There is also the option of integration. In these cases, your APIs, and the data systems that support them facilitate the building of additional resources. Fitbit, for instance, is a revenue-generating product – the watch itself has a cost and a revenue strategy. The real value of a Fitbit, however, is the underlying APIs that facilitate it. In many cases, products such as this may not use just internal APIs and may leverage external B2B APIs.
Finally, there is the enterprise approach to partnership monetization. In this case, you provide a free, public API to anyone who wants to use it – additional functionality, however, such as bundling, routine calls, and mass calling, can be reserved for enterprise users, who are considered their own service tier, and thus on their own subset of the API. While this is akin to tier monetization, the difference between enterprise and total free public use is the defining feature of this approach.
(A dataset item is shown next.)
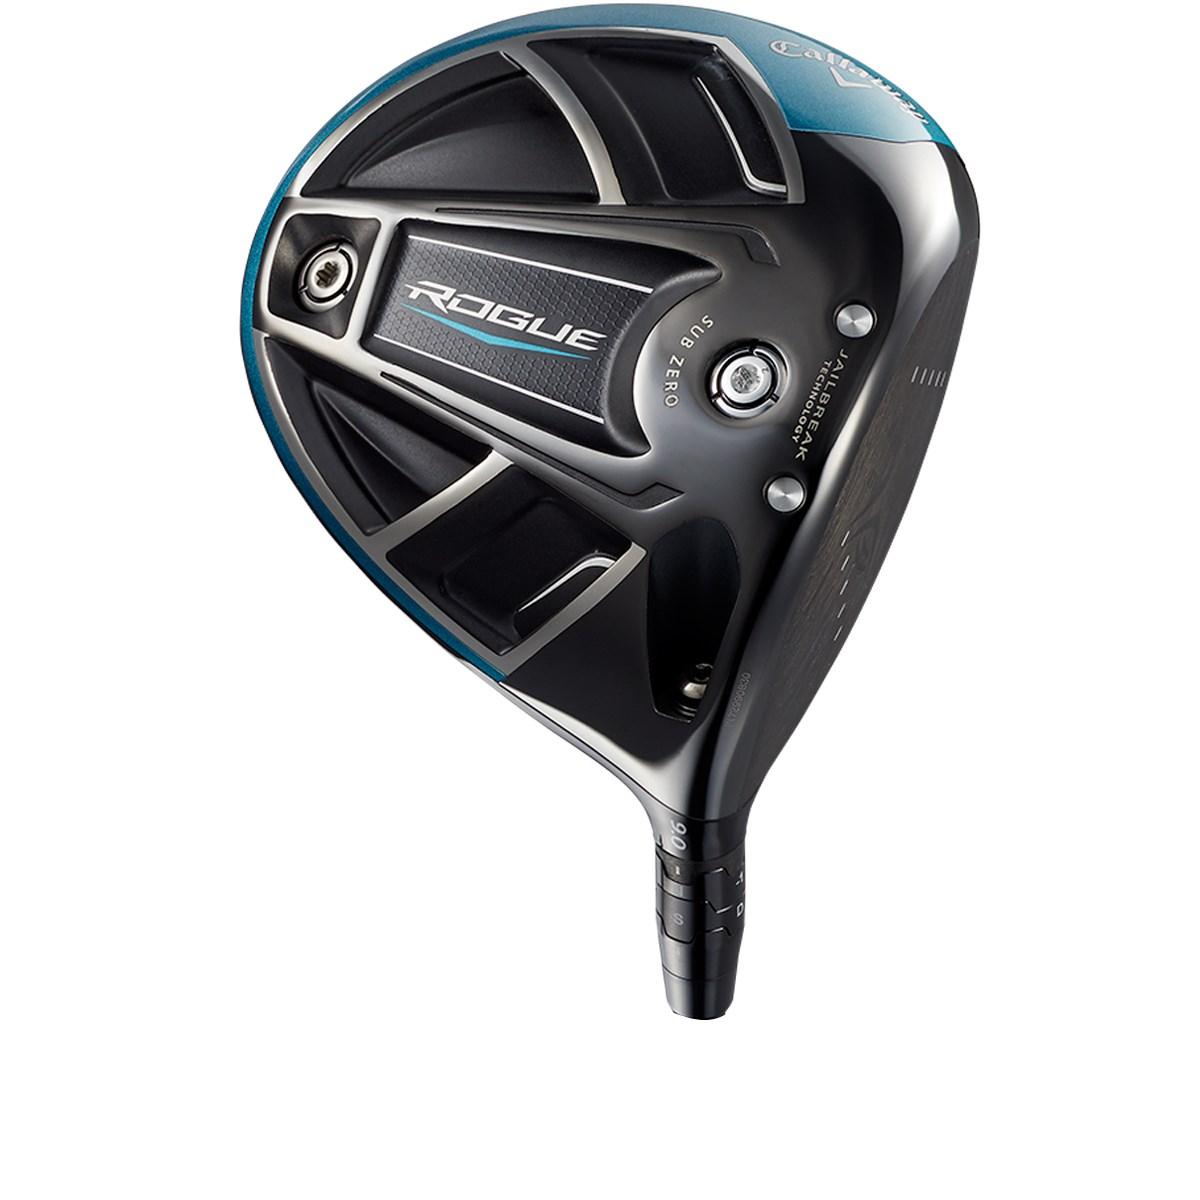 キャロウェイゴルフ(Callaway Golf) ローグ サブゼロ ドライバー Speeder Evolution for CW 50

7: Value Through Business Improvements
“An enterprise should develop an API strategy consisting of both public and private APIs. When an enterprise business releases public APIs that power consumer-facing applications, it enables new ways to engage and connect with its customers through web, mobile, and social apps. And by developing private APIs, businesses can offer their employees and partners new tools that help them streamline operations and serve customers even better. In this dynamic environment — as more and more businesses create and incorporate APIs — it’s increasingly critical for innovative businesses to develop and execute successful API strategies.” – Mulesoft
This type of monetization might not seem obviously valuable at first blush – after all, no actual money changes hands in this type of approach. The value comes instead from the improvement to business functions. In the business world, saving money is making money – every cent saved can be saved, redirected, or reinvested, so even minor cost decreases per process can result in huge cost decreases over the entire business environment.
APIs can thus monetize themselves by optimizing prices and reducing the operational overhead for processes. These decreases essentially pay for the API itself, and in many situations, can result in greater investment in the API itself to multiply these savings.
Additionally, these types of APIs can affect the time to market for a system, the automation of data collection and utilization, and even drive down the cost of traditionally manual functions. These significant cost savings can save millions over the course of a year, thereby “monetizing” the API functions in essence.
Monetization of an API can be a hard thing to get right. If you present too high a barrier of entry, these costs can stymie growth and result in loss of potential userbases. On the other hand, undervaluing your API or skipping monetization altogether can result in your API being unable to prop itself up. Ultimately, the solution is not really any of these options in isolation – the best approach is going to be a combination of approaches, married to your specific use case.